- Developer: Paragon Software
- Publisher: MicroProse
- Designers: Mark E. Seremet Paul M. Conklin Glenn A. Dill
- Programmers: Glenn A. Dill Christopher Short
- Artist: Quinno Martin
- Composer: Michael Bross
- Platform: MS-DOS
- Release: 1992
- Genre: Space combat simulator
- Mode: Single-player

= XF5700 Mantis Experimental Fighter =

1992 video game

XF5700 Mantis Experimental Fighter is a space combat simulator developed by Paragon Software and published by MicroProse under their Microplay Software label for MS-DOS in 1992.

==Gameplay==
Using what was dubbed "real physics", the XF5700 Mantis attempts to simulate space physics otherwise known as Newtonian physics. If the thrust is hit, the craft will glide through space (like a boat through water) and will not change directions readily like in other space sims. The game's artificial intelligence is faulty at times, Sirian craft could always target the player and plot a suicide course against the player rather than trying to kill the wingmates. Some missions tend to be repetitive. Later on, a digitized speechpack upgrade was released.

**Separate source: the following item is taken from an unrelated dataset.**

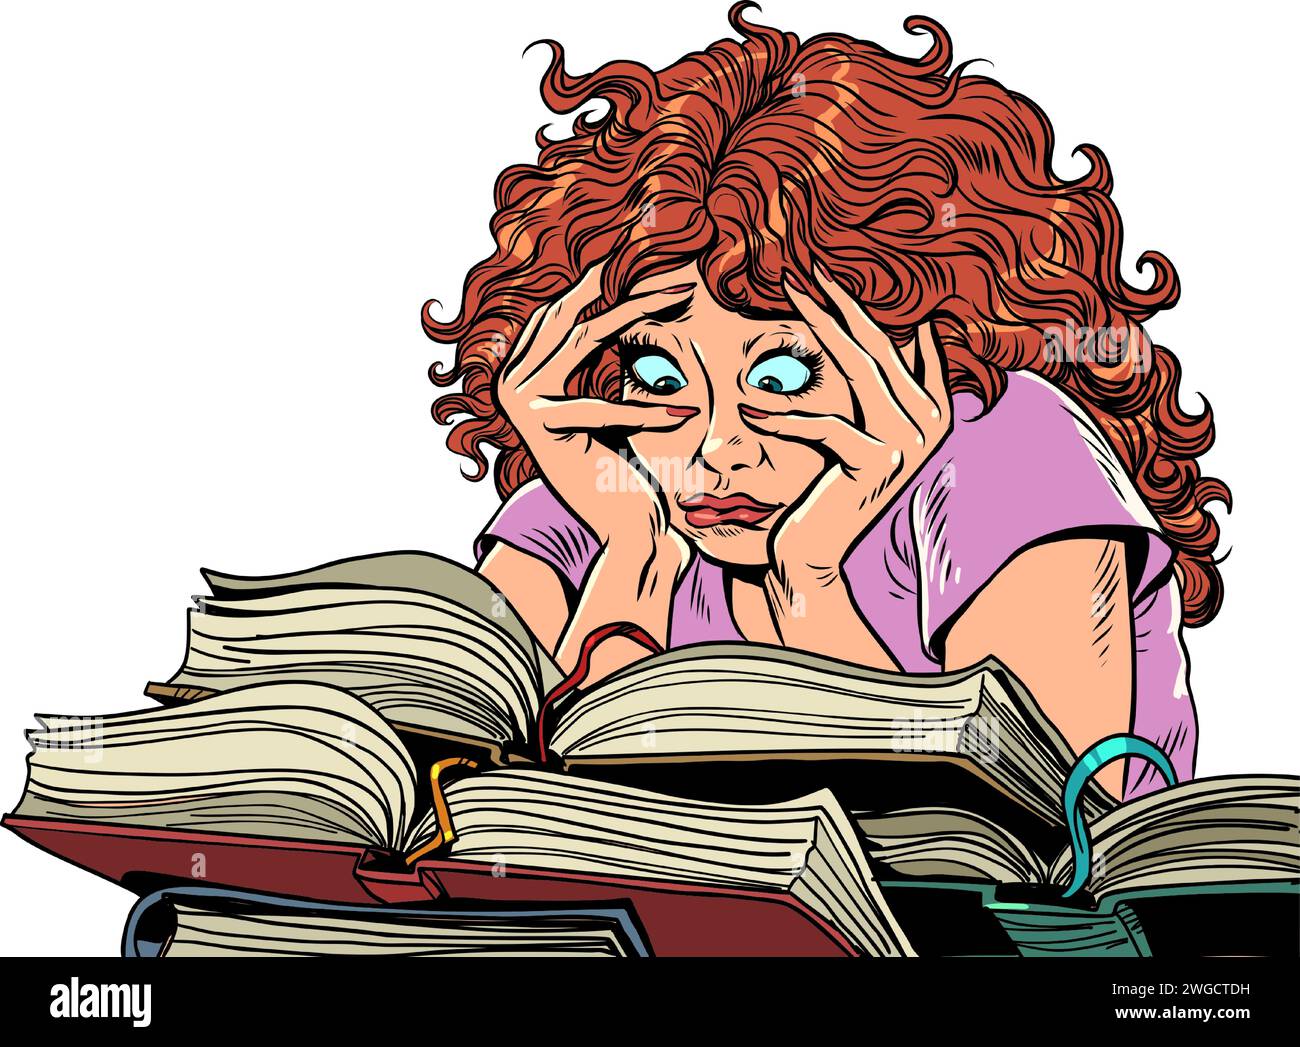 Eine schwierige Sitzung quält die Schülerin und ihre Gesundheit. Eine Frau unter einer riesigen Anzahl von Büchern. Buchhandlung mit einer riesigen Auswahl. Comic-Comic-Pop-Art Stock Vektor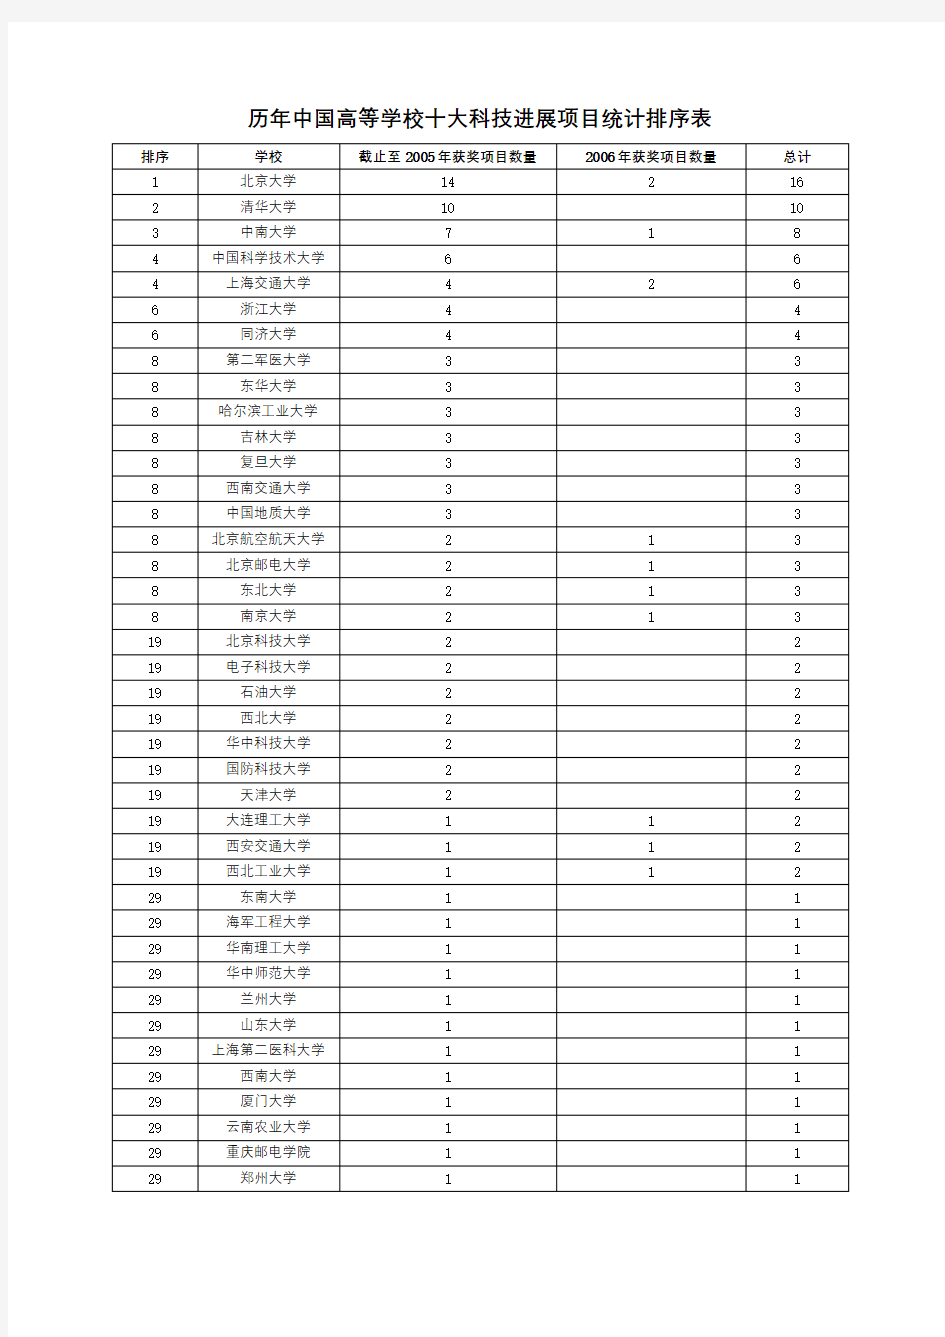 历年中国高等学校十大科技进展项目统计排序表【模板】

Later on a CD-ROM version was released, containing (very early) video-captured sequences, the speech pack, numerous new animated cutscenes and an extra campaign, where you fought a new alien race called the "rexum".

==Plot==
Based on Warhead by Glyn Williams, Mantis takes the plot further by using 90 missions. In what is possibly a rewrite of Williams's game, the invasion by the Sirian aliens (now dubbed "Sirians") takes place on March 16, 2094, leaving 3 billion humans dead. Earth was unprepared for the attack due to a recent war in the Middle East (Eurisian War) that took place thus exhausting the resources for defense against aliens. After Earth was devastated, the governments were dissolved in favor of a unified power called the Fist of Earth. FOE is Earth's final hope to eliminate the Sirian threat. FOE's defenses is SolBase and the XF5700 Mantis. "Viper" (the player) is a Mantis pilot who was enlisted by FOE to fight the Sirians.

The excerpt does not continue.